Pada tahun 1980-an setelah komputer banyak digunakan di kantor ataupun pada masyarakat pengguna lainnya, maka secara praktis perhitungan data geolistrik telah berpindah dari 'Curve Matching' ke program komputer. Hasil perhitungan data geolistrik yang berupa jarak AB/2 kontra tahanan jenis semu menjadi ketebalan lapisan batuan dan tahanan jenis sebenarnya ('true resistivity') akan memberikan hasil perhitungan yang lebih obyektif dari pada penggunaan metoda 'Curve Matching'.

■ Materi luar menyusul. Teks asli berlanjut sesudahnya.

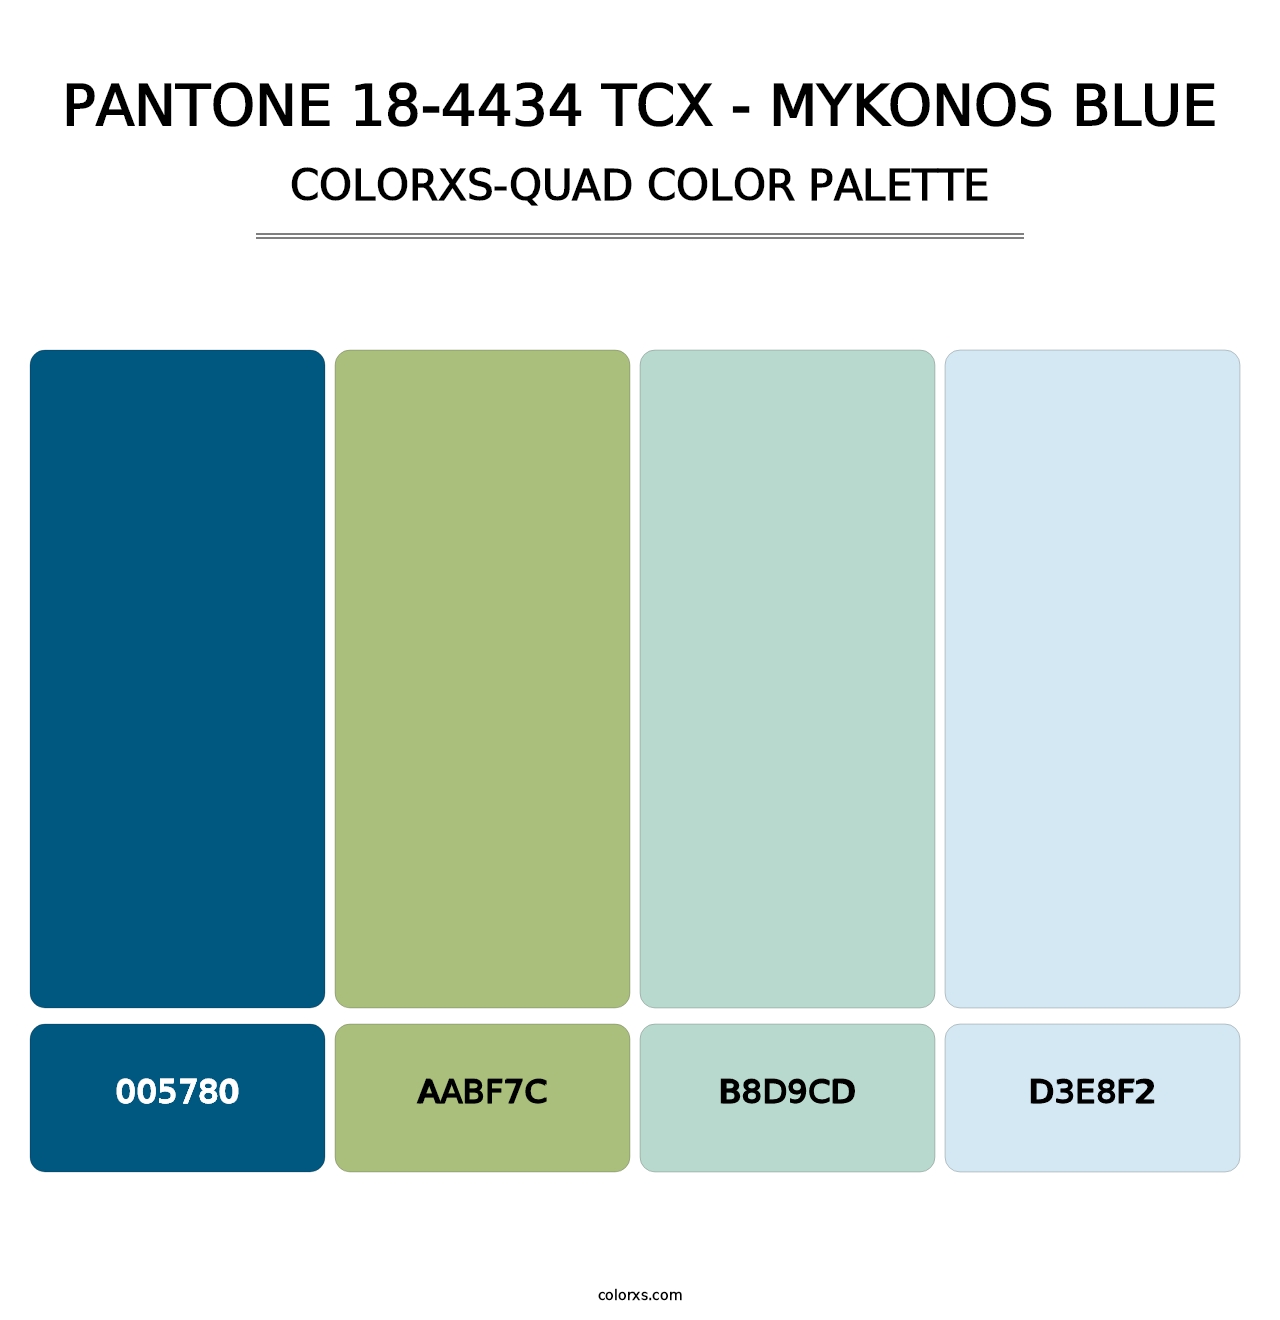 PANTONE 18-4434 TCX - Mykonos Blue - Colorxs Quad Palette

Sebelum tahun 1985, mulanya program komputer untuk penghitungan data geolistrik menggunakan bahasa pemrograman Fortran. Sejak DOS ('Disk Operating System', 1985-1993) banyak digunakan pada komputer, bahasa pemrograman yang digunakan adalah BASIC (keluaran IBM), QuickBASIC (keluaran Microsoft) ataupun TurboBASIC dan Pascal (keluaran Borland) dengan alasan lebih mudah dan lebih sederhana dari pada bahasa pemrograman Fortran.
Setelah Windows 95 beredar yang kemudian diikuti Windows 98, ME, 2000, XP dan Vista serta kecepatan CPU yang semakin meningkat serta penggunaan RAM yang lebih besar, maka digunakan bahasa pemrograman Visual Basic (keluaran Microsoft) dan Delphi (keluaran Borland) yang lebih leluasa menggunakan kapasitas besar file dan memory, logika program yang lebih terstruktur serta tampilan pada layar monitor yang jauh lebih baik. Juga tidak tertutup kemungkinan untuk menggunakan bahasa pemrograman C dan C++.